На следующий день после балета Мариинки на сцене Музтеатра имени Станиславского и Немировича-Данченко выступил Пермский театр оперы и балета с программой «Век танца: Стравинский—Баланчин». Из трех показанных спектаклей на «Маску» номинирована баланчинская «Симфония в трех движениях», впервые поставленная в России.
Формально не «век» — менее полувека: «Аполлон Мусагет» поставлен Баланчиным в 1928-м, «Симфония в трех движениях» — в 1972-м, уже после смерти композитора. «Век» здесь в том смысле, что эти два человека определяли развитие хореографического театра в ХХ столетии. Театра мирового, но не советского: впервые Баланчин появился в СССР за два года до его краха. Зато новая Россия осваивала его наследие с жаром, особенно Петербург и Пермь. И два первых балета пермской программы — «Аполлон Мусагет» и «Рубины» — имеют довольно обширную русскую традицию исполнения. Их заигранность придает особый риск очередной постановке — из-за неизбежности сравнений. Но пермяки выскользнули из щекотливой ситуации.
«Аполлона» спас Аполлон: Никита Четвериков, выдвинутый как лучший танцовщик в неноминированном балете (исключительный случай в практике «Золотой маски»). Нельзя сказать, что молодой танцовщик был ослепительным или безупречным. Стройный, длинноногий, пропорционально сложенный, он с ходу, сразу после «рождения» освобождаясь от «пеленки», запутался в пируэте, а два последних медленных тура своей вариации провернул аварийной Пизанской башней. Зато этот корректный интеллигентный Аполлон избежал главных штампов коварно-прозрачного балета — образов лучезарного мальчика и настоящего мачо. Герой Четверикова менялся не только от сцены к сцене, но и внутри каждого эпизода: как равный резвился с музами в коде и тут же, услышав божественный глас Зевса, становился вдохновенно-сосредоточенным; чувственно ласкал ножки подружек-муз, однако оценивал их творческие потуги с суровостью прокурора. Странности танцевальные (вроде диагонали пируэтов на согнутой опорной ноге, которая почти у всех выходит слегка комичной) этот Аполлон успешно преодолел, сумев найти ту форму движений, которая придала им значимость и достоинство. Тройка его муз оказалась намеренно разнокалиберной и танцевала весьма непосредственно, так что при точной фиксации хрестоматийных поз и комбинаций балет оживился движением вполне человеческих отношений.

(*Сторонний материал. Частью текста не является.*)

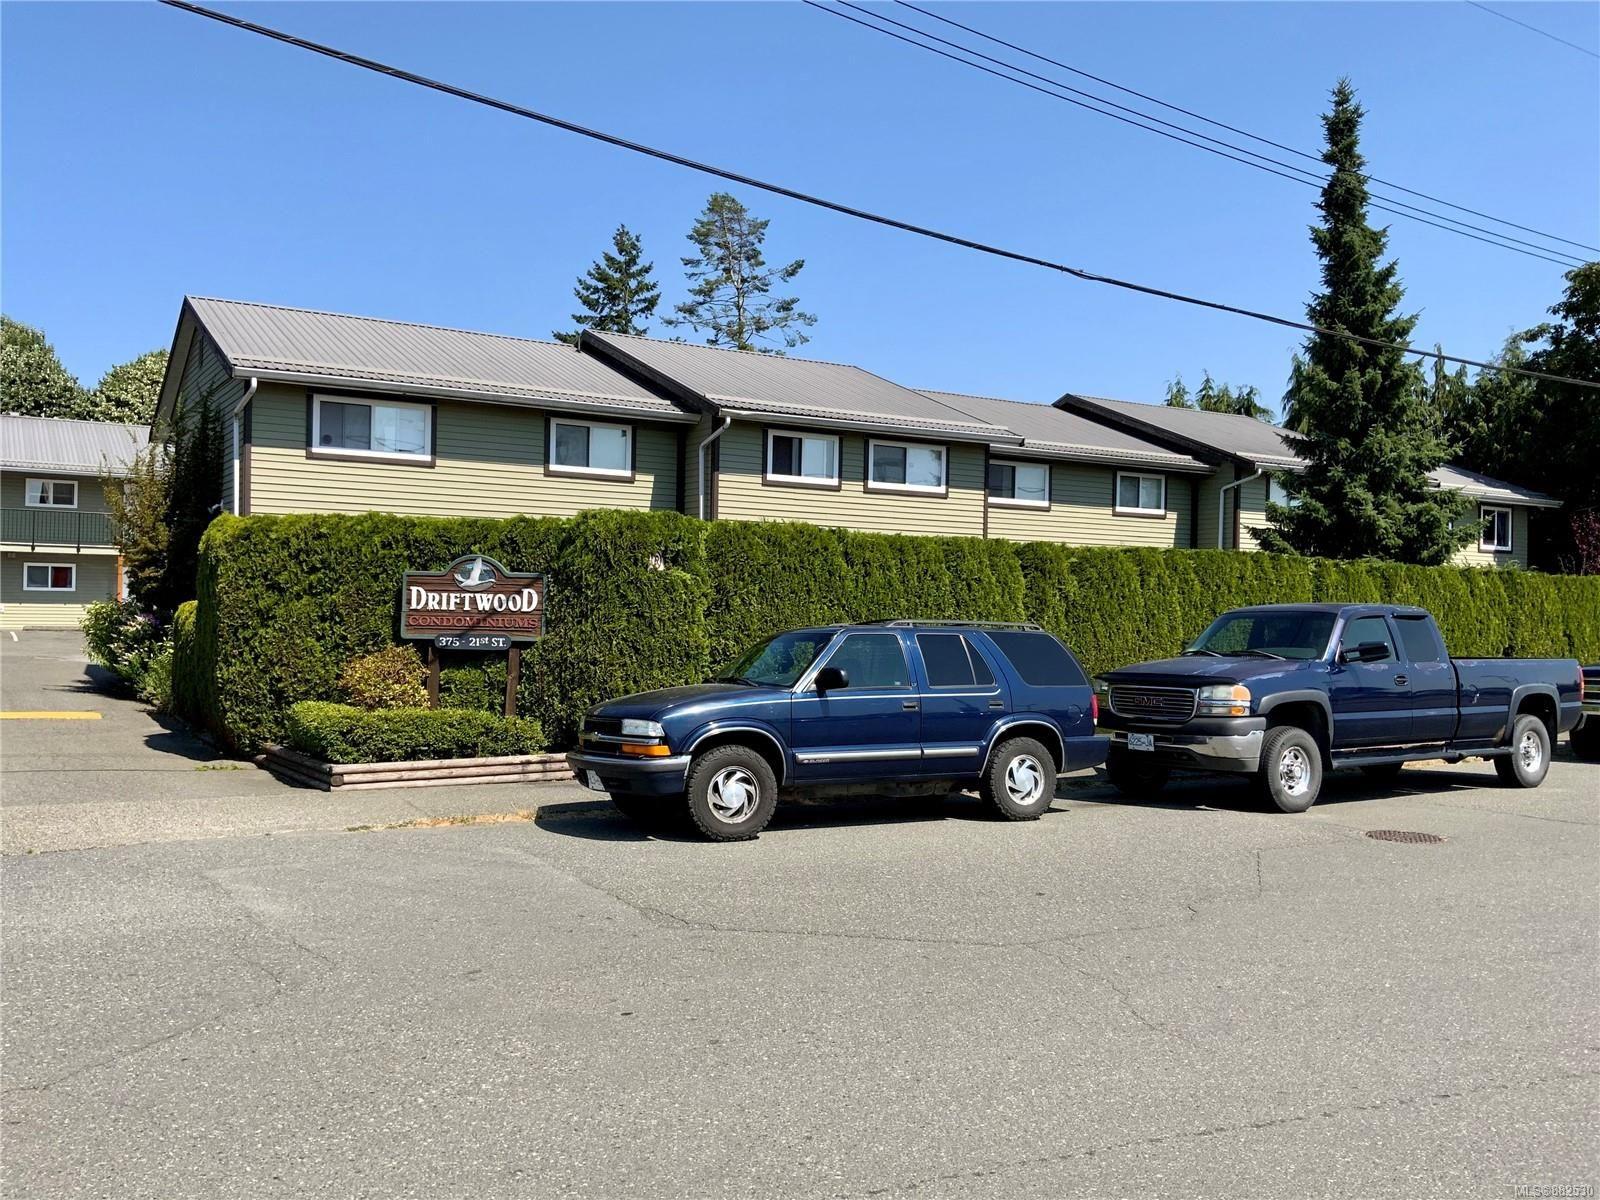 Main Photo: 7 375 21st St in : CV Courtenay City Condo for sale (Comox Valley)  : MLS®# 882530

«Рубины» — средняя, джазово-бродвейская часть триптиха «Драгоценности» — ахиллесова пята всех российских трупп. Американский акцент нашим артисткам решительно не дается — получается либо развязность дешевого шантана, либо институтки на каникулах. Пермский кордебалет тоже не с Бродвея, но он и не тщился выдать себя за иностранный: жизнелюбивые русские девушки не без удовольствия, но и без аффектации крутили бедрами, честно блюдя строй и четко выделяя синкопы,— и это уже неплохой выход из положения.
Главным событием вечера стала впервые поставленная в России «Симфония в трех движениях» — балет многолюдный и, можно сказать, революционный для Баланчина. Не только из-за подчеркнуто атлетического строя массовых сцен, намекающих на тоталитарные спортпарады, но и по изуверски сложному и динамичному танцевальному рисунку, детально воспроизводящему музыкальные перипетии. «Симфонию в трех движениях» Стравинский сочинил в 1945-м и — редкий случай в его практике — растолковал, что «каждый эпизод симфонии связан в воображении (автора) с конкретным впечатлением о войне, очень часто исходящем от кинематографа». К 1972 году, времени постановки балета, военные реминисценции были неактуальны. Баланчин, по своему обыкновению, исходил из музыки. В трех частях балета он тоже играет с избранными движениями: прыжком субрессо с поджатыми ногами, вращением тур-пике, полурондами больших батманов, маршеобразными шагами и ребяческим бегом («Рубины», поставленные им за пять лет до этого, отозвались эхом почти идентичных па). На этом скупом фундаменте хореограф конструирует колоссальное здание, ошеломляющее подвижностью всех частей и ритмической сложностью взаимодействий разных танцующих групп. Адекватно представив это удивительное — одновременно монументальное и легкое, прагматичное и мистическое — сооружение американского классика, пермская труппа оказала реальную услугу российскому балету, ценность которой лишь подчеркнула выступавшая накануне труппа Мариинского театра.
Балет Перми вроде бы некорректно сравнивать с петербургским: несопоставим масштаб, размеры финансирования, количество статусных артистов и репетиторов. Однако при подавляющем исходном преимуществе Мариинка проиграла пермскому театру по крайней мере по двум статьям: в концептуальной осмысленности программы и в жизнеспособности — как показанных балетов, так и самой труппы. Анемичность вышколенных петербуржцев, которым, казалось, все равно, что танцевать — примитивную арифметику Антона Пимонова или высшую телесную математику Уэйна Макгрегора, выглядела особенно печальной на фоне командного драйва пермяков. А бездумная компоновка петербургской программы по принципу «и нашим и вашим» составила весьма выразительный контраст интеллектуальности пермского «Века Стравинского—Баланчина».